14th Chief of Staff to the Prime Minister
- In office May 19, 2013 – November 4, 2015
- Prime Minister: Stephen Harper
- Deputy: Jenni Byrne Joanne McNamara
- Preceded by: Nigel Wright
- Succeeded by: Katie Telford

Principal Secretary to the Prime Minister
- In office 2008–2013
- Prime Minister: Stephen Harper
- Preceded by: Francis Fox
- Succeeded by: Gerald Butts

Personal details
- Born: March 30, 1977 (age 49)
- Party: Conservative
- Other political affiliations: Canadian Alliance, Reform Party
- Alma mater: University of Western Ontario University of Calgary

= Ray Novak =

Chief of Staff of the Canadian Prime Minister

Raymond Novak (born March 30, 1977) is a Canadian political strategist, who was appointed as Stephen Harper's fourth Chief of Staff on May 19, 2013, following the dismissal of Nigel Wright. He was the 14th person to serve as Chief of Staff since the creation of the position. He served in the role until November 4, 2015 following the defeat of the Harper government.

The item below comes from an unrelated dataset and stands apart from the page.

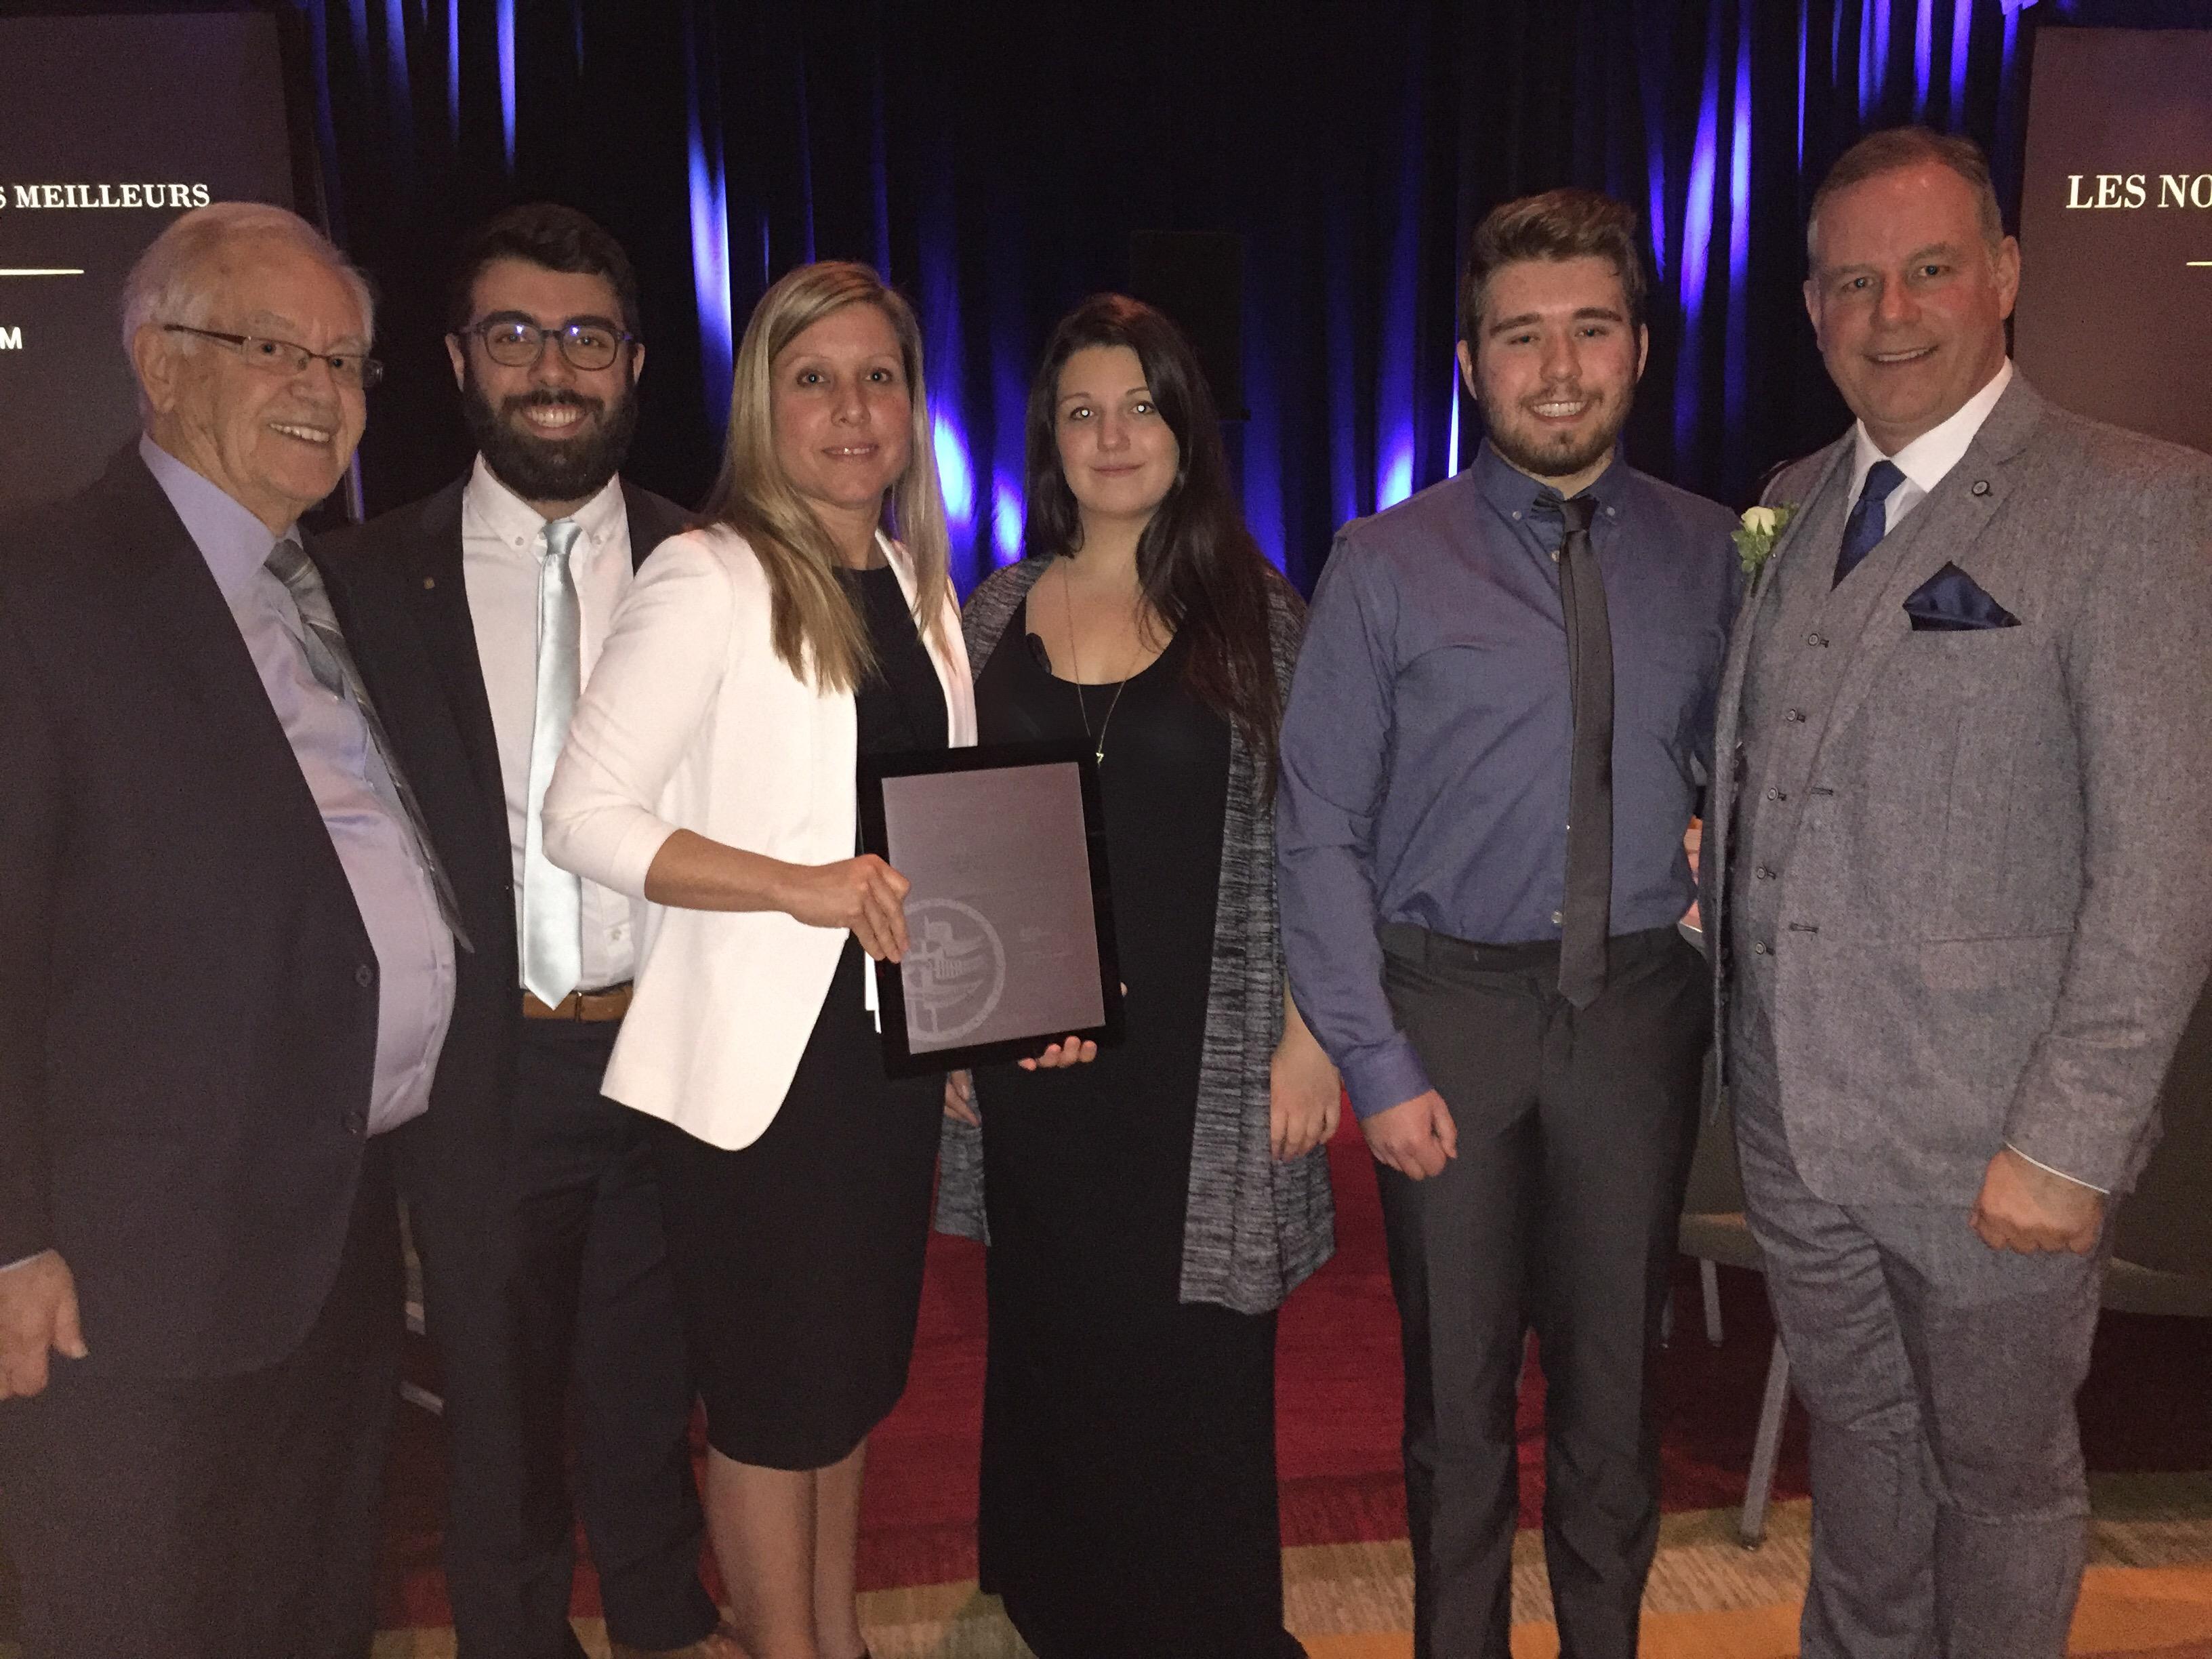 Le président de Sandoz Canada reçoit un prix honorifique
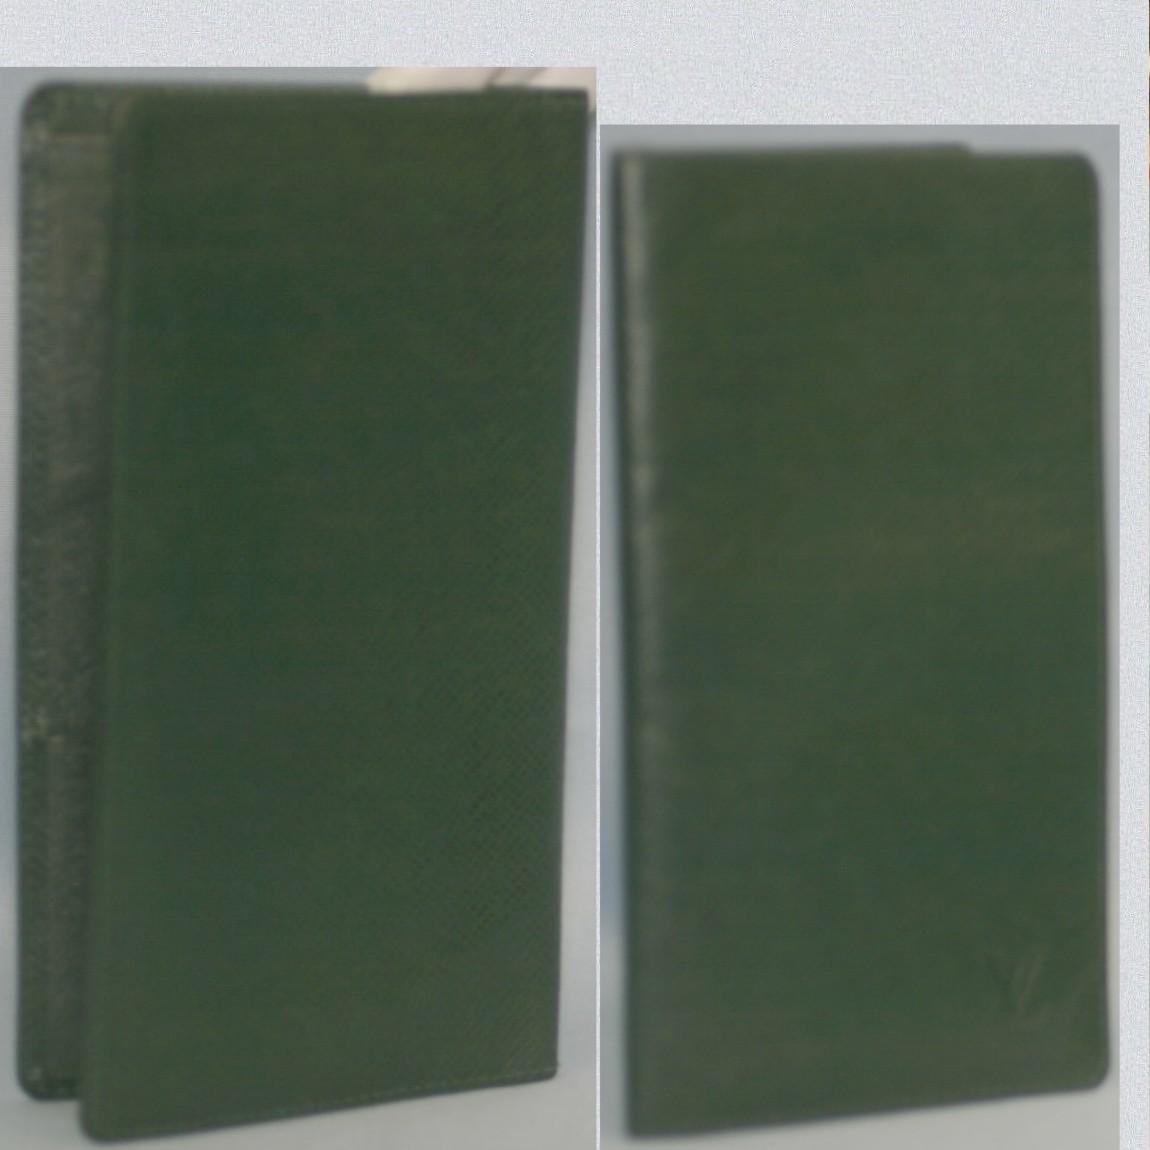 【中古】本物L/Vタイガのエピセア【深緑色】紳士用18センチ2つ折長財布M30394 サイズ18x9,5cm

Educated in political science at the University of Western Ontario and the University of Calgary, Novak first entered politics as an intern in the offices of Preston Manning and Rob Anders. He was later a researcher for the National Citizens Coalition while Stephen Harper was leading the organization. When Harper moved into Stornoway, Novak lived rent-free in an apartment above the official residence's garage.

Ray Novak was employed in the Prime Minister's Office since Harper's entry in 2006, undertaking several roles.

He is personal friends with Kory Teneycke and Jenni Byrne, all of whom were close advisors to Prime Minister Stephen Harper. The three met while working for the Reform Party of Canada during the 1997 Canadian federal election.